Each of the above scenarios, and these are but a few of many, are vastly different from one another, and each requires its own unique approach.

As far as what questions one should be asking, in a general sense, one should start with the very same questions they would ask about a single man who was never married. The starting point, and the most important consideration, as always, is to gauge the character of the man, and whether or not the shidduch appears compatible.

In addition to the standard shidduch research questions are also those meant to learn about the previous divorce, and the obligatory vigilance needed to take note of potential red-flags. Indeed, it is these endeavors that are much more challenging and nuanced.

The overall goal is to find out as much information as is necessary about the divorce, and as accurately as possible. Meaning to say, the nitty-gritty is not really relevant, and furthermore, not the business of anyone else to know.

Succeeding at this endeavor can prove rather difficult, as the references on each side will generally advocate for the side they know. Either because that is the truth, or because it is their honest perception of the truth, albeit a conceivably misguided one. It is also possible that out of intense fealty someone may pass all the blame of the divorce onto the other side, or simply on a bad set of circumstance, even knowing that was not actually the case.

On the other hand, many of the unbiased references that are to be found, those who feel no unwavering loyalty to either side, may not have much real, concrete, or precise information to share.

What one must try and accomplish is to garner from the inquiries that are made whether or not this divorcee can be assumed to maintain a stable and healthy marriage with another person. If one feels confident that is the case, it very well may be a shidduch worth considering.

Conversely, if the information received indicates there is a reasonable expectation that this divorcee is not capable of a being in a stable marriage relationship, and another divorce is likely to ensue, it is likely not a shidduch to pursue.

In such a case, however, it is still possible that one may have some very compelling reason to believe that despite what they have learned, this time will be different. If so, the matter must be talked over with a personal Rav or mentor – methodically, extensively and exhaustively – to be sure that one is not deceiving themselves, and walking into a future disaster.

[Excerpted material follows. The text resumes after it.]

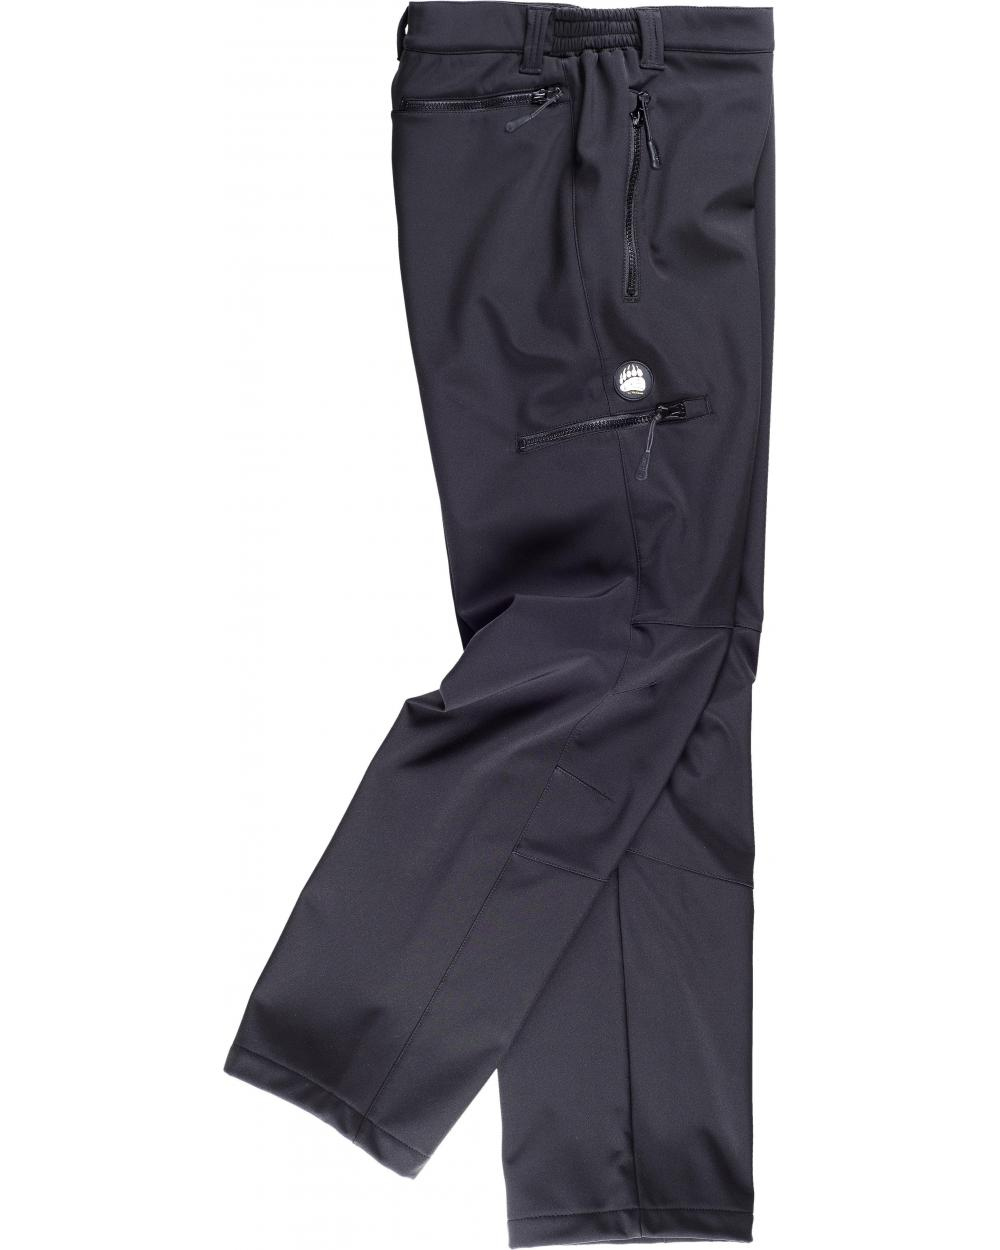 Comprar Pantalon Workshell diseño 'Slim Fit' S9830 Negro workteam barato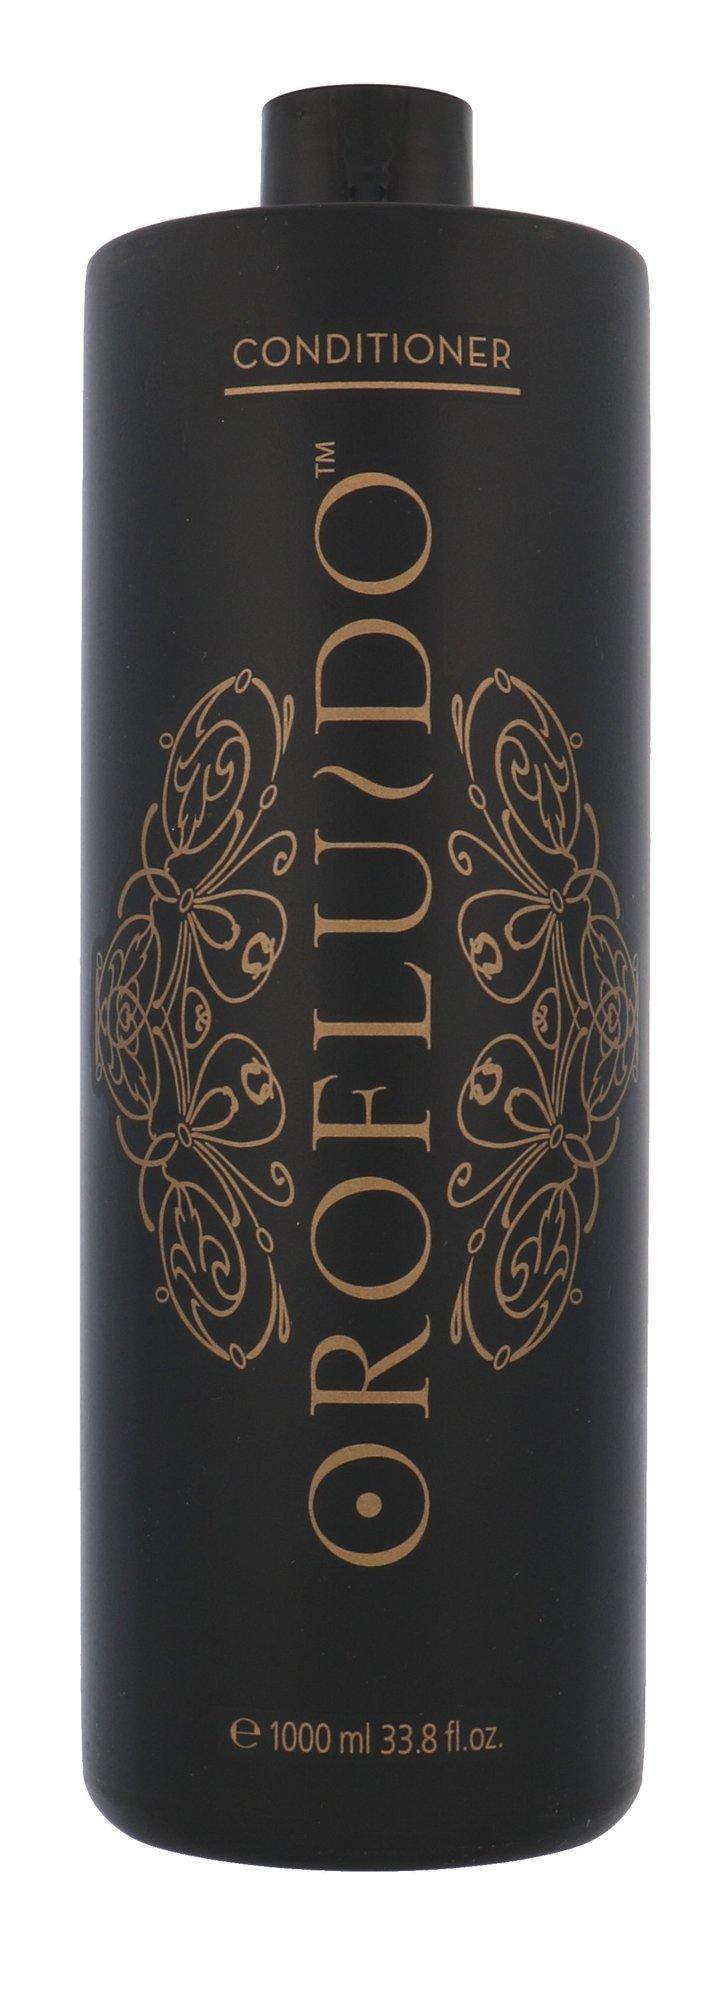 Orofluido Conditioner Cosmetic 1000ml

Just to be patently clear, in none of the above am I referring to the discovery of serious issues such as abuse, severe mental instability, chronic physical illness, and the like, challilah. Those are matters far beyond the scope of this forum. I am speaking only about indicators of the emotional ability to maintain a happy and healthy marriage, with the potential to endure a lifetime.

As far as how to react to the divorce on the date itself, any divorcee should expect that the person they are dating is aware of their past divorce, and should act accordingly. Therefore, being that it shouldn’t be a surprise to anyone, there is no reason not to address it head on, openly and sensitively.

It does not need to be a belabored talking point throughout the date; that is the reason for prior research. Nor do details need to be dredged up; that would be insensitive and infelicitous. But, it should politely be brought up in conversation, in order to gauge his comfort level with his reality as a divorcee; whether or not he truly seems to have moved on and is ready for remarriage; and to confirm that how he presents his perception of the past is consistent with the research one has already done.

May The Megaleh Amukos help you discern fact from fiction, and give you the acuity and intuition with which to make a wise and astute decision regarding the shidduch you have been presented with.